━━ Dataset excerpts ━━

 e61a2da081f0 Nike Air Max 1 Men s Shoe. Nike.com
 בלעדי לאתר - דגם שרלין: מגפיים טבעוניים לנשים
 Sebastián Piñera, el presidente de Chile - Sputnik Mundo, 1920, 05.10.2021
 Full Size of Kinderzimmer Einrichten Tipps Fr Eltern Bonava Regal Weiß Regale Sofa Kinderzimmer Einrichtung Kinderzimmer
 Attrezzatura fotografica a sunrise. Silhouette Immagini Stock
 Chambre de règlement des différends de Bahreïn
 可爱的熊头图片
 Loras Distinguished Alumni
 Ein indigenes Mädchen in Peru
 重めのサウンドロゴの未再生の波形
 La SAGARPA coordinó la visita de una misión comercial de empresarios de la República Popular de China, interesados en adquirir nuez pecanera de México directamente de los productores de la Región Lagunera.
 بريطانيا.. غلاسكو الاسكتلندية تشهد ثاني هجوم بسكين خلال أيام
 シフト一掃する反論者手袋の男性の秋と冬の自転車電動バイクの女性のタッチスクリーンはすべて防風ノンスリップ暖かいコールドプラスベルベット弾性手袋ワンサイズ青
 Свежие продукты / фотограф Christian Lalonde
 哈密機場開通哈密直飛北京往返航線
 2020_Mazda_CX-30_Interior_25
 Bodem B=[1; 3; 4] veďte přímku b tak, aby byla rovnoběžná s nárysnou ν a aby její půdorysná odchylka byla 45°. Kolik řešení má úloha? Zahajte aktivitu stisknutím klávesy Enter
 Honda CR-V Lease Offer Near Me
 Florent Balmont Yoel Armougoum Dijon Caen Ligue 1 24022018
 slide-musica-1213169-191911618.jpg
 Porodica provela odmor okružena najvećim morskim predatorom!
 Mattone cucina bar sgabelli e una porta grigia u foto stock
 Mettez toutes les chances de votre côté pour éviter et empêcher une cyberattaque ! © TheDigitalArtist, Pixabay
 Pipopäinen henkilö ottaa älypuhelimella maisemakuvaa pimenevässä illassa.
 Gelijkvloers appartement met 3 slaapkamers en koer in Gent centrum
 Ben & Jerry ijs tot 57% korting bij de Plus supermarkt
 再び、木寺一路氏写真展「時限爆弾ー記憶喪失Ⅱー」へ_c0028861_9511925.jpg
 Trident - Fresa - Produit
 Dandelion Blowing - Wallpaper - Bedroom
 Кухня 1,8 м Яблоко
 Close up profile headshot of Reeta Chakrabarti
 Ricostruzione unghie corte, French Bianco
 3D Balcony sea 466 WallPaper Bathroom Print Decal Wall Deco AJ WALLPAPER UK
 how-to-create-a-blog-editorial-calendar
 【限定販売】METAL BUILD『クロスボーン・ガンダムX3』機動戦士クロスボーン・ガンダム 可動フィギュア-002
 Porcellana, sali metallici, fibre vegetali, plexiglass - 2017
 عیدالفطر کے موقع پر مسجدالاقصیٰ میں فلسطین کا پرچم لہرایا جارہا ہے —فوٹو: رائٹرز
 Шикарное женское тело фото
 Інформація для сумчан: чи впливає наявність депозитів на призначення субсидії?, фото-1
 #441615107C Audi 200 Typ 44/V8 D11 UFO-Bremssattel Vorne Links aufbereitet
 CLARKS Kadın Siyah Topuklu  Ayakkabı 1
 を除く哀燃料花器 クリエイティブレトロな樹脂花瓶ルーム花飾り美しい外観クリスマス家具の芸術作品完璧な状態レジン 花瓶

━━━

What is needed is a word-for-word copy of all the entries.

 e61a2da081f0 Nike Air Max 1 Men s Shoe. Nike.com
 בלעדי לאתר - דגם שרלין: מגפיים טבעוניים לנשים
 Sebastián Piñera, el presidente de Chile - Sputnik Mundo, 1920, 05.10.2021
 Full Size of Kinderzimmer Einrichten Tipps Fr Eltern Bonava Regal Weiß Regale Sofa Kinderzimmer Einrichtung Kinderzimmer
 Attrezzatura fotografica a sunrise. Silhouette Immagini Stock
 Chambre de règlement des différends de Bahreïn
 可爱的熊头图片
 Loras Distinguished Alumni
 Ein indigenes Mädchen in Peru
 重めのサウンドロゴの未再生の波形
 La SAGARPA coordinó la visita de una misión comercial de empresarios de la República Popular de China, interesados en adquirir nuez pecanera de México directamente de los productores de la Región Lagunera.
 بريطانيا.. غلاسكو الاسكتلندية تشهد ثاني هجوم بسكين خلال أيام
 シフト一掃する反論者手袋の男性の秋と冬の自転車電動バイクの女性のタッチスクリーンはすべて防風ノンスリップ暖かいコールドプラスベルベット弾性手袋ワンサイズ青
 Свежие продукты / фотограф Christian Lalonde
 哈密機場開通哈密直飛北京往返航線
 2020_Mazda_CX-30_Interior_25
 Bodem B=[1; 3; 4] veďte přímku b tak, aby byla rovnoběžná s nárysnou ν a aby její půdorysná odchylka byla 45°. Kolik řešení má úloha? Zahajte aktivitu stisknutím klávesy Enter
 Honda CR-V Lease Offer Near Me
 Florent Balmont Yoel Armougoum Dijon Caen Ligue 1 24022018
 slide-musica-1213169-191911618.jpg
 Porodica provela odmor okružena najvećim morskim predatorom!
 Mattone cucina bar sgabelli e una porta grigia u foto stock
 Mettez toutes les chances de votre côté pour éviter et empêcher une cyberattaque ! © TheDigitalArtist, Pixabay
 Pipopäinen henkilö ottaa älypuhelimella maisemakuvaa pimenevässä illassa.
 Gelijkvloers appartement met 3 slaapkamers en koer in Gent centrum
 Ben & Jerry ijs tot 57% korting bij de Plus supermarkt
 再び、木寺一路氏写真展「時限爆弾ー記憶喪失Ⅱー」へ_c0028861_9511925.jpg
 Trident - Fresa - Produit
 Dandelion Blowing - Wallpaper - Bedroom
 Кухня 1,8 м Яблоко
 Close up profile headshot of Reeta Chakrabarti
 Ricostruzione unghie corte, French Bianco
 3D Balcony sea 466 WallPaper Bathroom Print Decal Wall Deco AJ WALLPAPER UK
 how-to-create-a-blog-editorial-calendar
 【限定販売】METAL BUILD『クロスボーン・ガンダムX3』機動戦士クロスボーン・ガンダム 可動フィギュア-002
 Porcellana, sali metallici, fibre vegetali, plexiglass - 2017
 عیدالفطر کے موقع پر مسجدالاقصیٰ میں فلسطین کا پرچم لہرایا جارہا ہے —فوٹو: رائٹرز
 Шикарное женское тело фото
 Інформація для сумчан: чи впливає наявність депозитів на призначення субсидії?, фото-1
 #441615107C Audi 200 Typ 44/V8 D11 UFO-Bremssattel Vorne Links aufbereitet
 CLARKS Kadın Siyah Topuklu  Ayakkabı 1
 を除く哀燃料花器 クリエイティブレトロな樹脂花瓶ルーム花飾り美しい外観クリスマス家具の芸術作品完璧な状態レジン 花瓶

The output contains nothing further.